Bush loyalists see things differently. My friend Fred Barnes writes in his new book Rebel-in-Chief that Bush is in reality Reagan’s natural successor—he cuts taxes, builds up national defense, promotes conservative social values. He concedes that Bush is a “big government conservative” but believes that this is a post-Reagan philosophy that bows to the wishes of the modern-day electorate. Some neoconservatives have urged 21st-century Republicans to make a separate peace with big government and to use the $2.5 trillion federal budget to advance what columnist David Brooks calls projects of “national greatness.” They have in mind a new generation of massive expenditure projects in the lineage of the Marshall Plan, the interstate highway system, and the creation of the national parks.
Others believe that Bush advances broad conservative and market-based policy goals by strategically buying votes with spending programs. Daniel Casse, a former presidential speechwriter, argues that “rather than focusing on the sheer size of government, Bush is focused on outcomes.” He signed the massive education bill to get testing; the Medicare drug bill to get health savings accounts; the tariffs on steel to win support from Pennsylvania and West Virginia congressmen on tax cuts. To be sure, even Reagan did some of this tactical horsetrading.
But that practice has become ruinously expensive under Bush. The latest Congressional Budget Office projections indicate that if spending remains on the course it is now, in 20 years the budget will consume about 30 percent of GDP on top of the 12 percent taken by states and localities. Welcome to France.
THE WORD BUSH USES MORE often than any other—by far—is freedom. But what the Bush Republicans haven’t come to grips with is that big government and freedom are mutually exclusive. Dollar by trillion dollar we are voluntarily giving up our liberties for a government that promises us a nanny-state blanket of protection from cradle to coffin. The truth is, Hillary Clinton and the Democrats can steer us to that future much more rapidly than Republicans can.
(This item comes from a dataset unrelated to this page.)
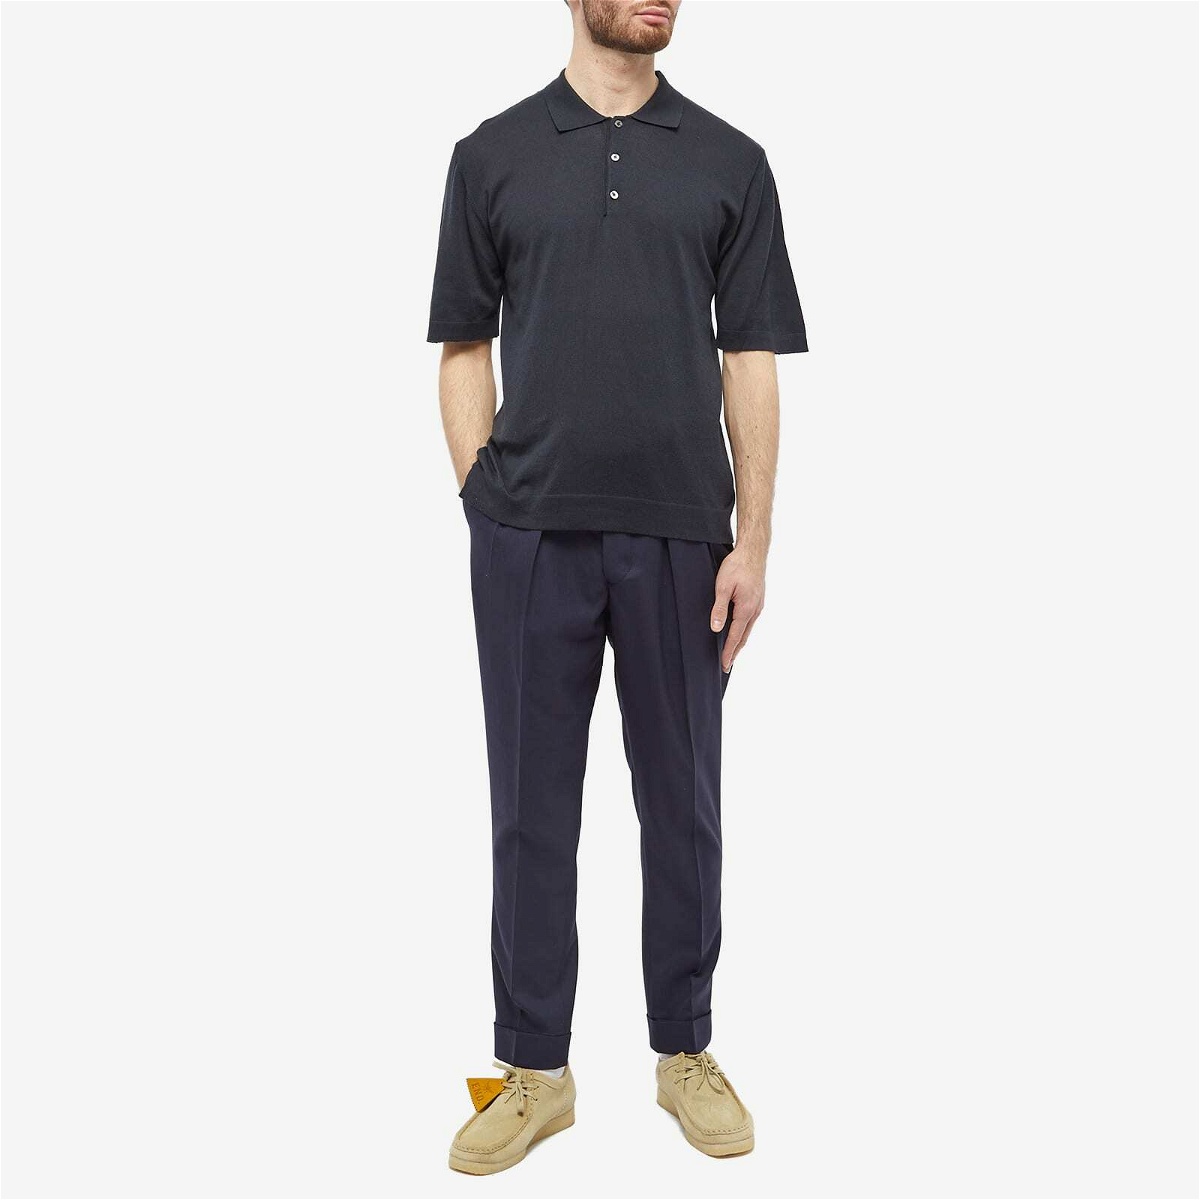 Officine Generale Men's Officine Générale Brutus Knitted Polo Shirt in ...

That is why the conservative movement must resist the advice of the neocons like David Brooks, who has written in the New York Times: “Reducing the size of government cannot be the governing philosophy for the next generation of conservatives.”
No, it MUST be. This is the fight for the soul of the party in the years ahead—and the stakes are just as high as they were during the fight in the 1970s and ‘80s when the Reagan Republicans who wanted to cut tax rates to grow the economy triumphed over the Eisenhower-Ford-Dole Republicans who resisted tax cuts and worshipped balanced budgets at all cost.
If Republicans continue to grow government at their current reckless pace, don’t be surprised if Hillary Clinton wins the White House in 2008 running to the right of Republicans on fiscal responsibility.
Stephen Moore is senior economics writer for the Wall Street Journal editorial board.